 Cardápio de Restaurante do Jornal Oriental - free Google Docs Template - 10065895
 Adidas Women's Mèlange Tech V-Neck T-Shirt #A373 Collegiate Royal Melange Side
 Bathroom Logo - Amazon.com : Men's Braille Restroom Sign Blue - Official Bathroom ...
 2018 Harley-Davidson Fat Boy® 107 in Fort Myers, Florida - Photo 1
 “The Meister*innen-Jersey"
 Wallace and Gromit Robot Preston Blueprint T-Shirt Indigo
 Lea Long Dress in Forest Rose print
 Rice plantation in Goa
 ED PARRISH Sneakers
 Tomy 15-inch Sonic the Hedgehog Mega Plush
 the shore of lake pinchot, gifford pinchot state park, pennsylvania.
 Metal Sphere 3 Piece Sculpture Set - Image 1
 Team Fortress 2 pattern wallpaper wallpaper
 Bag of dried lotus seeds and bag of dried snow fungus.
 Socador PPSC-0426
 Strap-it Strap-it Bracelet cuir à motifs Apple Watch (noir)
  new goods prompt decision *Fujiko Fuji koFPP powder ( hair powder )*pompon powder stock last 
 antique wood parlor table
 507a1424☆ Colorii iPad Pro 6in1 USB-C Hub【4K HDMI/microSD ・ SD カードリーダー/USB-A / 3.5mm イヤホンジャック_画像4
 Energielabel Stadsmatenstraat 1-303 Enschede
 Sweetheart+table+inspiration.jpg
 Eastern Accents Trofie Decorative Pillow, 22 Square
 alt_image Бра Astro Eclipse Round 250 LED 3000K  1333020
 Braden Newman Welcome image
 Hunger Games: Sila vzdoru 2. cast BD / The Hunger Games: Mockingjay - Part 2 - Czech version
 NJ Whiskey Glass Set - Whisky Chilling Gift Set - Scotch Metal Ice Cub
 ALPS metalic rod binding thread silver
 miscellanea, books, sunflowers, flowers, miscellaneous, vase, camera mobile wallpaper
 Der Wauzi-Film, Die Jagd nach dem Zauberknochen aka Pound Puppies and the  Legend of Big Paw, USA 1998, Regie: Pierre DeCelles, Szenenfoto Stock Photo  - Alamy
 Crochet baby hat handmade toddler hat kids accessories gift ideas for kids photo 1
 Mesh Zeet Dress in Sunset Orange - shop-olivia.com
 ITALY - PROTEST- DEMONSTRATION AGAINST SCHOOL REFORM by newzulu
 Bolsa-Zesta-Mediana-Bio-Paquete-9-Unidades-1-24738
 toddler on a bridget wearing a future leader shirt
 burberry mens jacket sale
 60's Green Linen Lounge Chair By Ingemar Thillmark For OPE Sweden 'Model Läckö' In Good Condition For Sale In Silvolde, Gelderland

○ ○ ○ ○

How to complete this task: In the lines above, every record is to be repeated exactly.

The completed task:
 Cardápio de Restaurante do Jornal Oriental - free Google Docs Template - 10065895
 Adidas Women's Mèlange Tech V-Neck T-Shirt #A373 Collegiate Royal Melange Side
 Bathroom Logo - Amazon.com : Men's Braille Restroom Sign Blue - Official Bathroom ...
 2018 Harley-Davidson Fat Boy® 107 in Fort Myers, Florida - Photo 1
 “The Meister*innen-Jersey"
 Wallace and Gromit Robot Preston Blueprint T-Shirt Indigo
 Lea Long Dress in Forest Rose print
 Rice plantation in Goa
 ED PARRISH Sneakers
 Tomy 15-inch Sonic the Hedgehog Mega Plush
 the shore of lake pinchot, gifford pinchot state park, pennsylvania.
 Metal Sphere 3 Piece Sculpture Set - Image 1
 Team Fortress 2 pattern wallpaper wallpaper
 Bag of dried lotus seeds and bag of dried snow fungus.
 Socador PPSC-0426
 Strap-it Strap-it Bracelet cuir à motifs Apple Watch (noir)
  new goods prompt decision *Fujiko Fuji koFPP powder ( hair powder )*pompon powder stock last 
 antique wood parlor table
 507a1424☆ Colorii iPad Pro 6in1 USB-C Hub【4K HDMI/microSD ・ SD カードリーダー/USB-A / 3.5mm イヤホンジャック_画像4
 Energielabel Stadsmatenstraat 1-303 Enschede
 Sweetheart+table+inspiration.jpg
 Eastern Accents Trofie Decorative Pillow, 22 Square
 alt_image Бра Astro Eclipse Round 250 LED 3000K  1333020
 Braden Newman Welcome image
 Hunger Games: Sila vzdoru 2. cast BD / The Hunger Games: Mockingjay - Part 2 - Czech version
 NJ Whiskey Glass Set - Whisky Chilling Gift Set - Scotch Metal Ice Cub
 ALPS metalic rod binding thread silver
 miscellanea, books, sunflowers, flowers, miscellaneous, vase, camera mobile wallpaper
 Der Wauzi-Film, Die Jagd nach dem Zauberknochen aka Pound Puppies and the  Legend of Big Paw, USA 1998, Regie: Pierre DeCelles, Szenenfoto Stock Photo  - Alamy
 Crochet baby hat handmade toddler hat kids accessories gift ideas for kids photo 1
 Mesh Zeet Dress in Sunset Orange - shop-olivia.com
 ITALY - PROTEST- DEMONSTRATION AGAINST SCHOOL REFORM by newzulu
 Bolsa-Zesta-Mediana-Bio-Paquete-9-Unidades-1-24738
 toddler on a bridget wearing a future leader shirt
 burberry mens jacket sale
 60's Green Linen Lounge Chair By Ingemar Thillmark For OPE Sweden 'Model Läckö' In Good Condition For Sale In Silvolde, Gelderland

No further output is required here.